By Sally Torbey
Launching our thirdUploaded: Jun 26, 2014
Come September we will be launching our third child to college. His departure is still a few months away, but I recently accompanied him to his university's two-day orientation. I attended sessions for parents while he bonded with his future classmates.
The Dean of Students at my son's institution recommended a video of a parent orientation session given by a professor at another college a few years back. Professor Marshall Duke has been teaching psychology at Emory University for 40 years and is the father of three grown children. He has been addressing parents of incoming college freshmen for 25 years. The video is about 50 minutes long, and while some of it is specific to Emory, most of his talk is a humorous and compassionate introduction to parenting a college student and contains many universal truths about this exciting but also daunting transition.

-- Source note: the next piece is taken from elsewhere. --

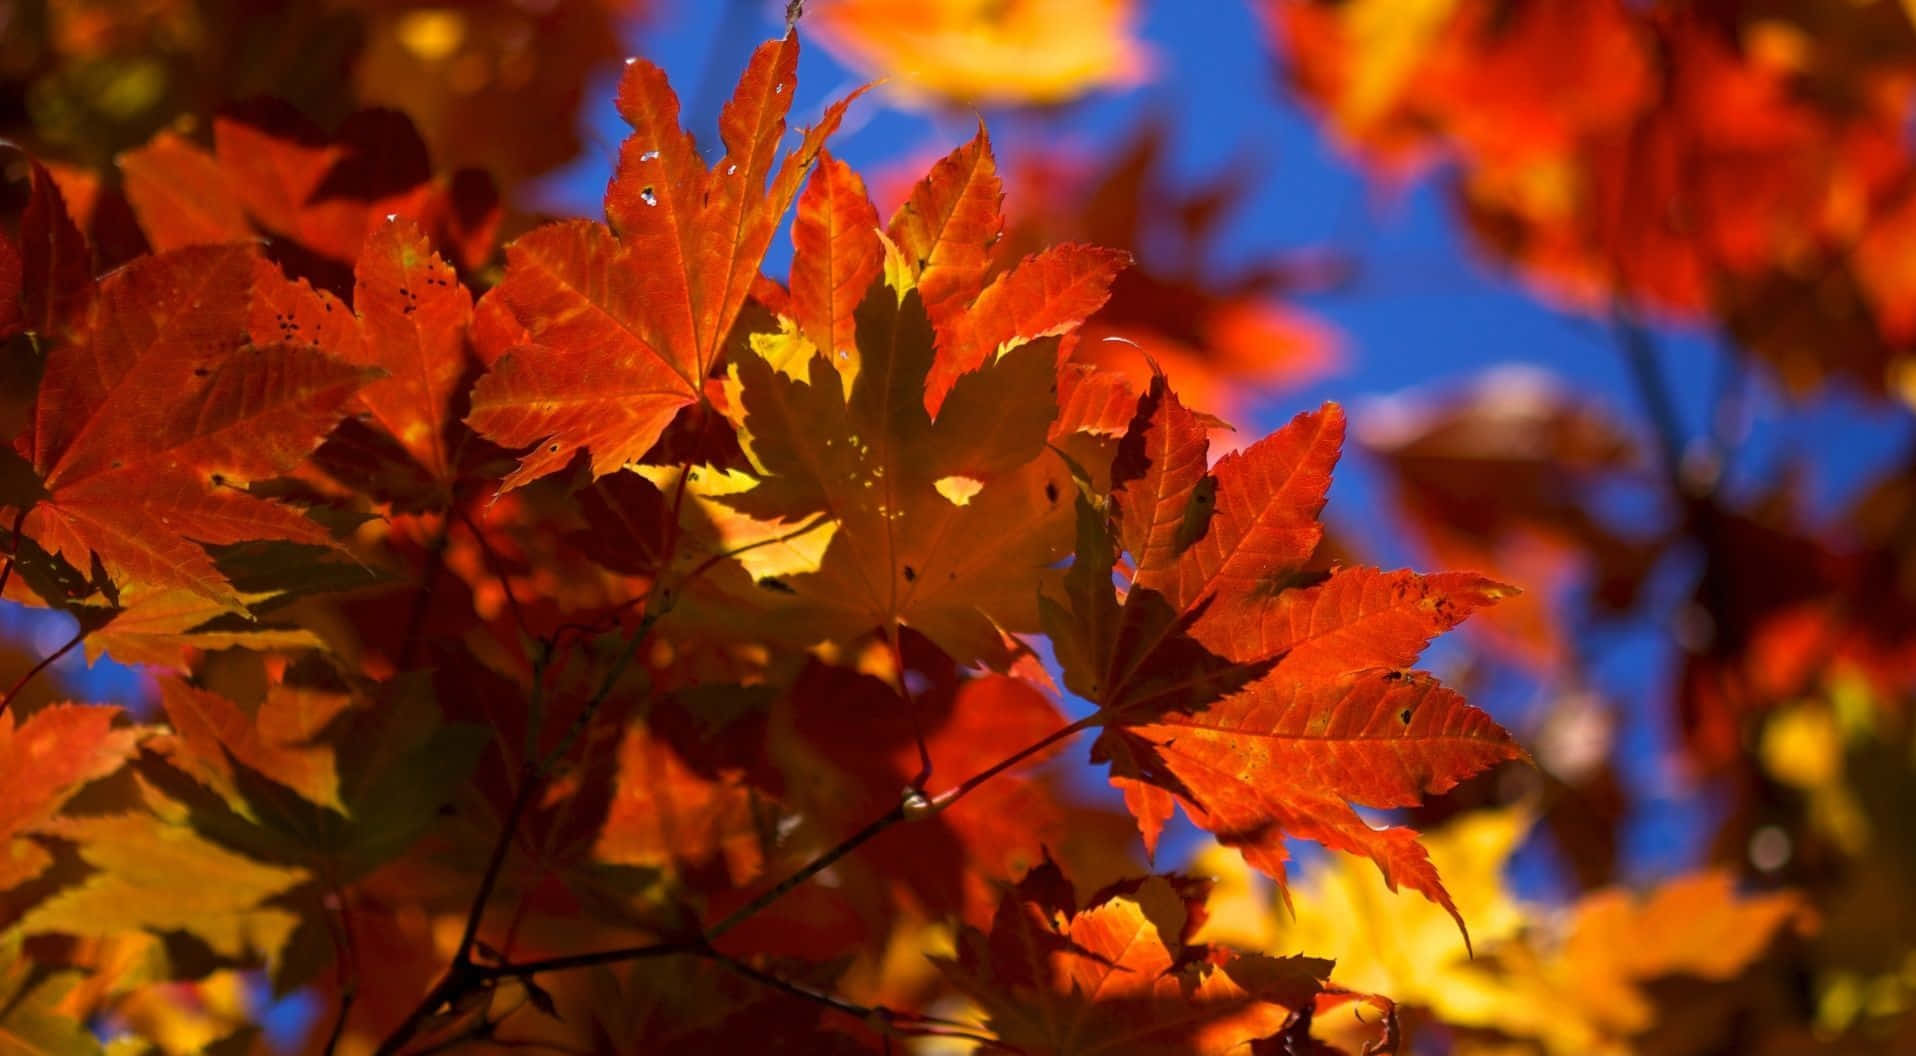 "Nature is an infinite beauty of brilliant fall leaves in hues of red, orange, and yellow"

Professor Duke starts with a discussion of the much-anticipated separation from our child as a "privileged moment" invested with power and emotion. Whatever is said or done during this leave-taking has heightened importance and will be remembered, giving us an opportunity to impart a life message. Initially, my response to this advice was alarm, more pressure at an already emotionally wrenching moment? But he suggests a reassuring and practical alternative for those of us unable to simultaneously sob and be articulate; take a quiet moment and write down what we want to say, our child will always remember it just as well as if we were actually capable of saying it at the time.
He describes the process of becoming a college student as a gradual acquisition of many skills. College students need to learn to juggle multiple demands within a less-structured day, establish an identity in a new environment, balance social life with studying, and advocate for themselves. There will be challenges with roommates, disappointing grades, and loneliness. But, he also reassures parents that we have adequately prepared our students to face these challenges, and "in the normal course of events no problem will arise that a student can't solve using the available resources" at their college. Professor Duke repeats this phrase three times. But, he also affirms that we know our child best, and if we hear "that voice that scares us" and tells us our child is in real trouble, call the college immediately and mobilize support.
Whether it is the first "test child" departing or the last child leaving the nest, the absence is felt acutely by the remaining family members. The family structure changes, and there is emptiness and sadness. I remember being surprised at feeling absolutely bereft during my first trip to the grocery store after dropping off our son at college. I did not expect to be overwhelmed by emotion as I asked the butcher for only six pork chops, instead of the usual seven. Or, after my daughter left, tearing up when I passed by her favorite crunchy cheese snacks at Trader Joe's. He talks about the heroic task of adjusting to the last child leaving, and the importance of telling our children we are all right, even if we aren't, thus freeing them of the responsibility of our well-being, and encouraging them to focus on becoming independent and self-reliant.
Professor Duke warns that college students are nocturnal creatures, resulting in jet lag when they visit home, even if they remain in the same time zone. And, if possible, he recommends leaving their childhood bedroom as is for them to return to.
I like his advice about parents' weekend best: don't ask, just go, and bring plenty of money for shopping and restaurants. I have already made our hotel reservations!